A version of this review was originally published as a thread on Twitter. 

Book details 

Resurrection Bay (2015) by Emma Viskic, Pushkin Vertigo, 282 pages, paperback (review copy). 

The Angel in the Stone – R.L. McKinney: a snapshot review

More than 20 years on, Calum is still haunted by his brother Finn’s death in a climbing accident. Their mother Mary, who now has dementia, blames Calum for Finn’s death, and is becoming increasingly paranoid as her condition progresses. Calum returned to Scotland five years ago, following a failed relationship in America.

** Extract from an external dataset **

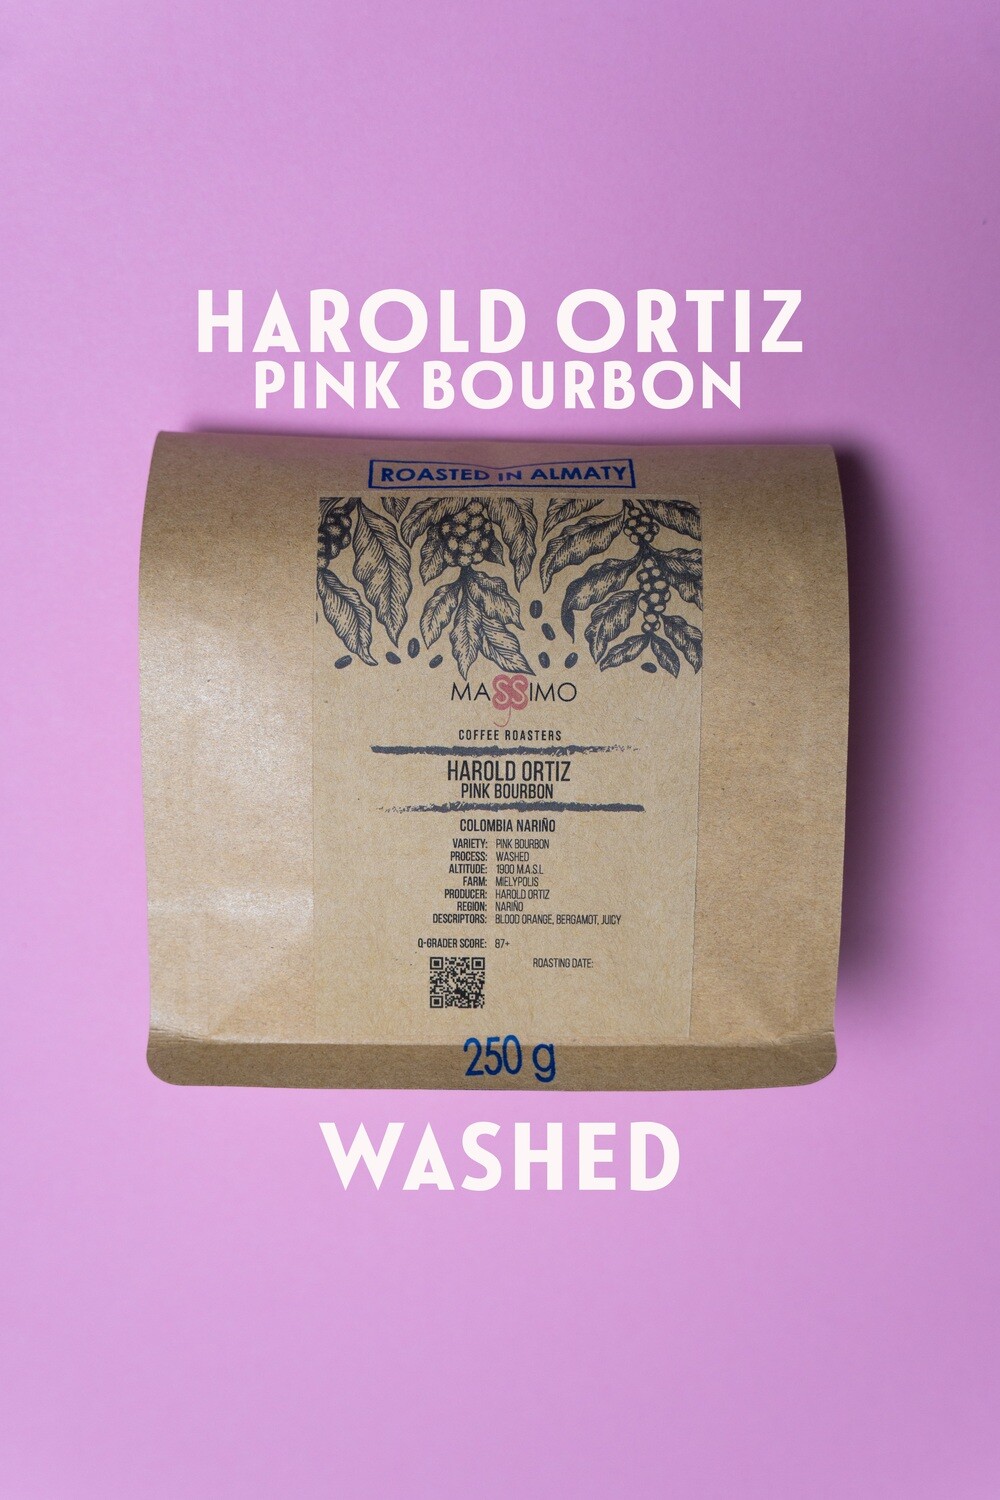 Harold Ortiz Pink Bourbon - Colombia Nariño​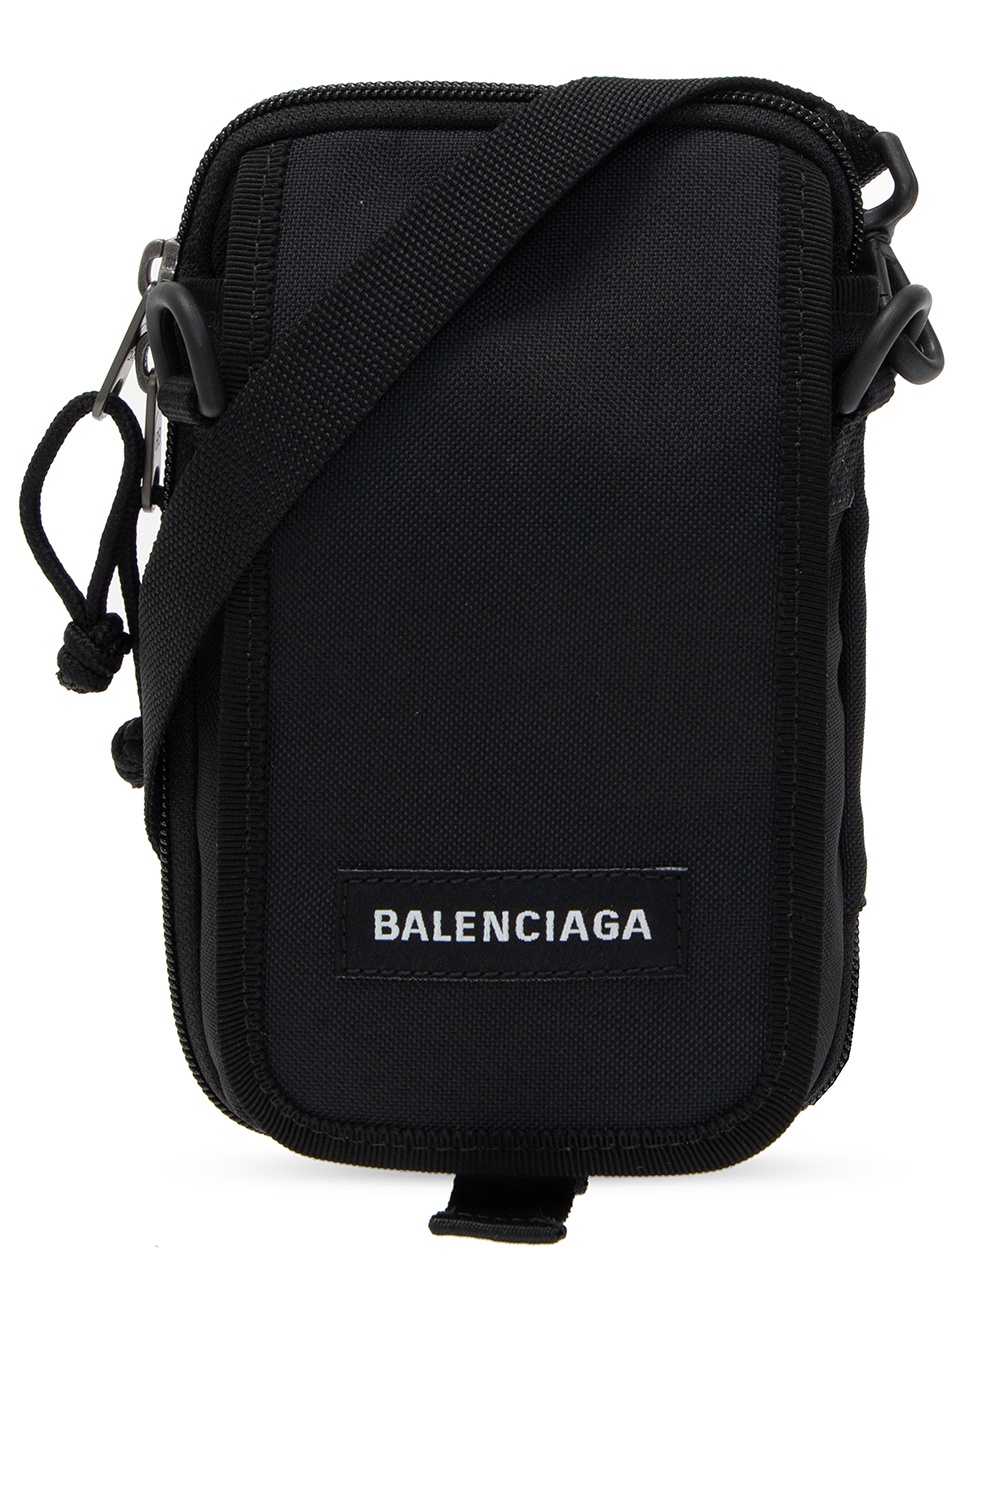 Balenciaga bottle cup mini bag small pochette shoulder bag  กระเปา

He still isn’t entirely settled, even now. Meanwhile, Calum’s estranged daughter Catriona is heading over from Aberdeen, seeking reconciliation and carrying secrets of her own.

The Angel in the Stone is the second novel by R.L. McKinney, an American writer who has lived in Scotland since 1995. In the book, McKinney weaves a nuanced portrait of family relationships, exploring what may cause those bonds to fray, break, or be made anew. There are also neat thematic parallels in the background: the 2014 Scottish independence referendum, and the changing face of the Highlands. All in all, The Angel in the Stone is an interesting read, worth checking out.

A version of this review was first published as a thread on Twitter. 

Book details 

The Angel in the Stone (2017) by R.L. McKinney, Sandstone Press, 298 pages, paperback (review copy). 

Elmet – Fiona Mozley: a Shiny New Books review 

The shortlist for this year’s Man Booker Prize will be announced tomorrow. One of the titles that might make an appearance is Elmet, the debut by British writer Fiona Mozley. It’s an intriguing novel about a family living outside the frameworks of modern law and society – and I’ve reviewed it here for Shiny New Books. 

Book details 

Elmet (2017) by Fiona Mozley, JM Originals, 320 pages, paperback (review copy).